To find out what the law is you first look for relevant legislation. When deciding how to explain the law about the state of mind required for proof of unlawful importation into Australia of a border controlled drug, a judge will first look at the Criminal Code (C’th). Relevant sections are s 307.1 and the fault elements defined in ss 5.1 – 5.4.

The High Court of Australia in Smith v The Queen, The Queen v Afford [2017] HCA 19 (10 May 2017) (hereafter “Smith”) at [69] has given guidance as to how to logically apply this legislation to cases where the mental elements of unlawful importation of a narcotic are in issue.

These appeals reached the High Court because of difficulties around how the process of drawing inferences should be explained. Difficulties arose because of the need for intention as to one element but only recklessness as to another. Intention is necessary as to the bringing of a thing (whatever it may be) into Australia, and recklessness is sufficient as to whether it is a border controlled drug.

Inference drawing is a matter of proof. Proof of intention by inference can arise from circumstances which show that the defendant “was aware of the likelihood, in the sense that there was a significant or real chance, that his conduct involved [the prohibited] act and nevertheless persisted in that conduct”: Kural v The Queen (1987) 162 CLR 502, [1987] HCA 16 (and quoted in Smith at [7]). The statutory language changed after Kural, and now the concept of a significant or real chance calls to mind the phrase “a substantial risk” in the definition of recklessness (s 5.4).

The risk of confusing the old common law with the new statutory language no doubt lies behind the joint judgment’s comment in Smith at [68] that “looking to the future it might be preferable if directions given in cases like these were made to align more closely to the language of the Code, and in particular to the statutory definition of intent in s 5.2”.

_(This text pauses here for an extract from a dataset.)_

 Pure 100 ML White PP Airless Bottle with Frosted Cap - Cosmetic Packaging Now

In s 5.2(1), intention includes meaning to do something, here, to import the substance (at [6]). The Court’s guidance as to appropriate directions on the drawing of inferences include (at [69] para 8(ii)) that it is open to use a proven belief that there was a real or significant chance that the thing was done, to support an inference that it was meant to be done. This comes from the Kural exposition of the law, and needs to be read in the light of the Court’s fuller explanation. The point in Smith is that awareness of a real or significant chance means that “it is open to infer on the basis of all the facts and circumstances of the case that the accused intended to import the substance” (at [60]), and where “a person is aware of a real or significant chance of the presence of an extraneous substance in an object which the person brings into Australia, and does nothing by way of inspection or declaration to avoid the risk of its presence, the circumstances of the case strongly suggest that the person's state of mind is, in truth, that he or she is prepared to proceed with bringing the object into Australia even if the substance is in the object; and thus that the person means and intends to import the substance” (at [59]).

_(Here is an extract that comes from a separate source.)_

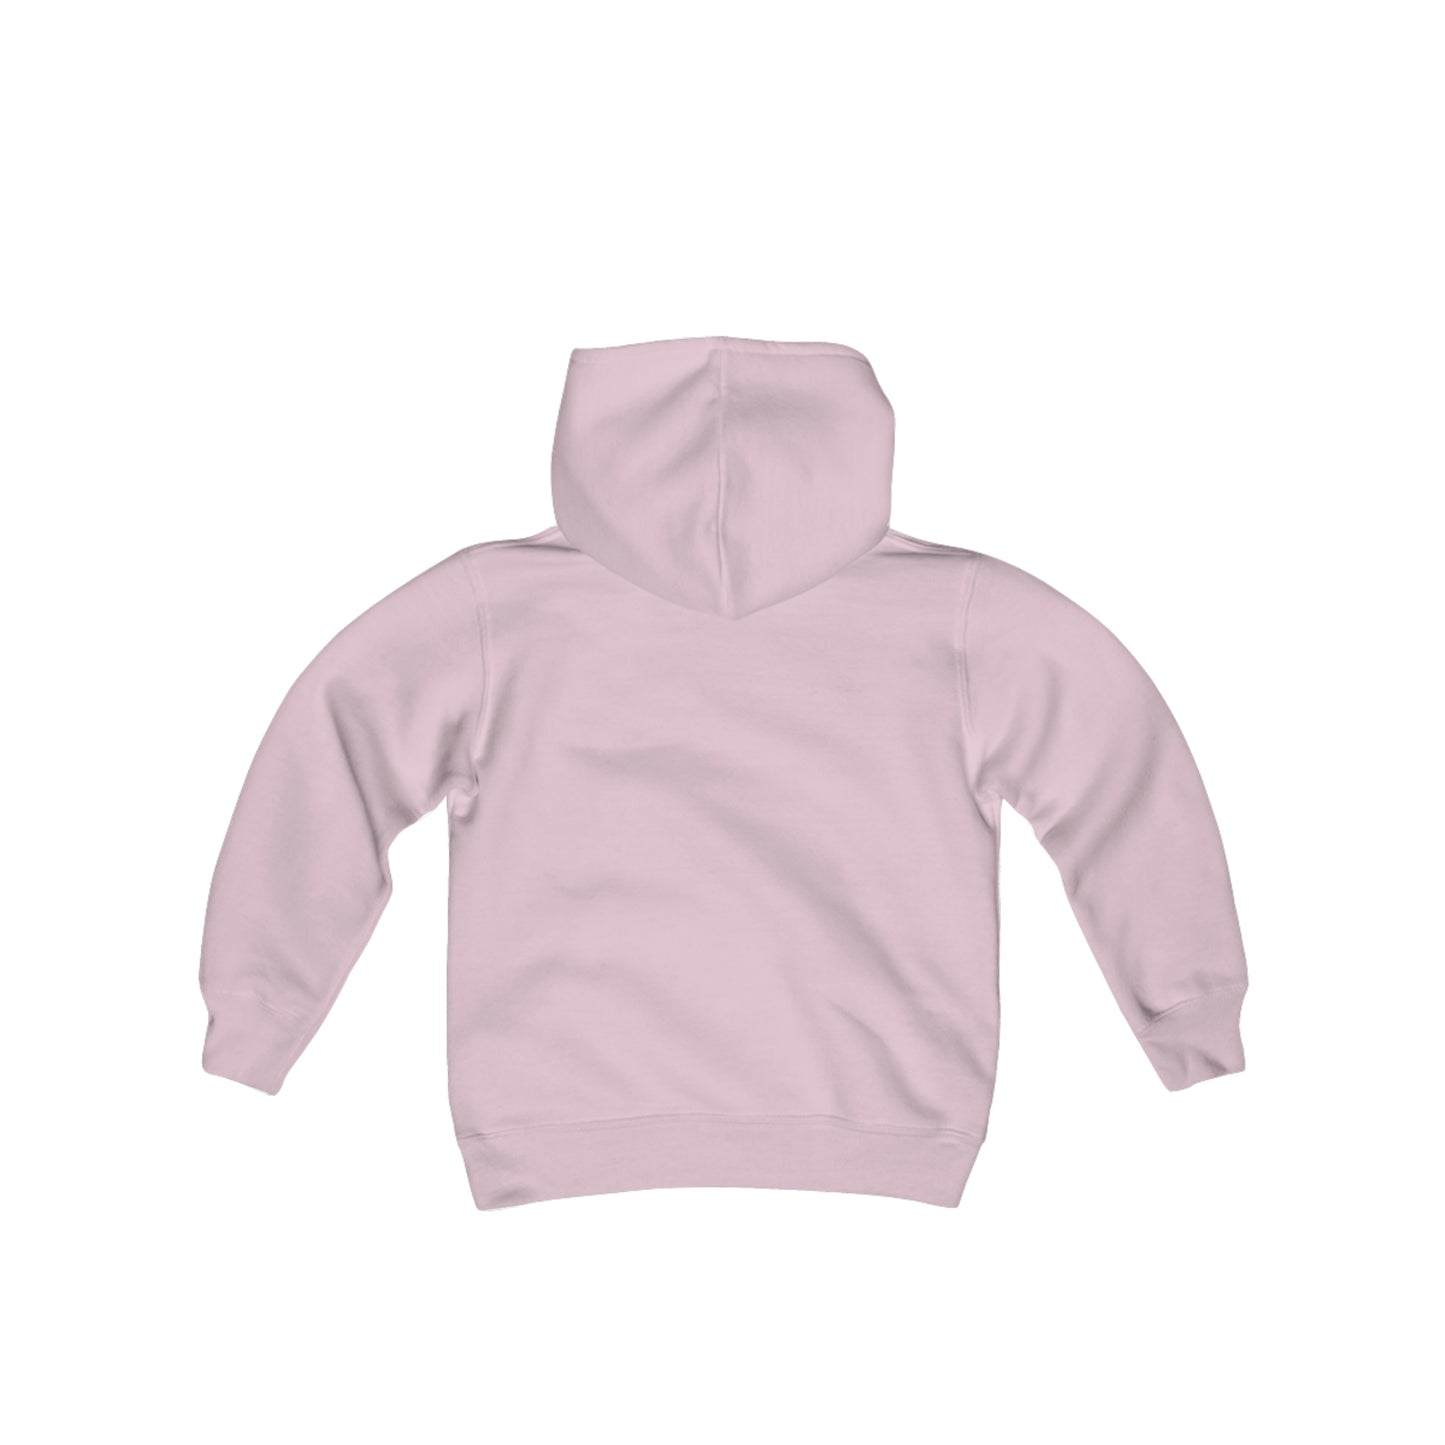 Youth Heavy Blend Hooded Sweatshirt  By Flavor's Upscale

This is perilously close to recklessness at common law, and one must wonder whether attempts to substitute for the clear language of a statute are necessarily helpful. Did the word “means” in s 5.2(1) really need to be explained in terms of a real and substantial risk?

Knowledge, in law, includes wilful blindness. This is the state of mind of a person who ignores a suspicion because of a determination to remain ignorant of the truth. That person is deemed to know the truth. See R v Briscoe 2010 SCC 13, [2010] 1 SCR 411, and R v Martin [2007] NZCA 386 at [11] where consistency with R v Kural [1986] VR 673 at 676-678 is noted. So, acting with that knowledge is meaning to do that thing, and is intending to do it. This is different from recklessness, where a person simply fails to take the measures that a reasonable person would have taken to investigate whether the suspicion is true.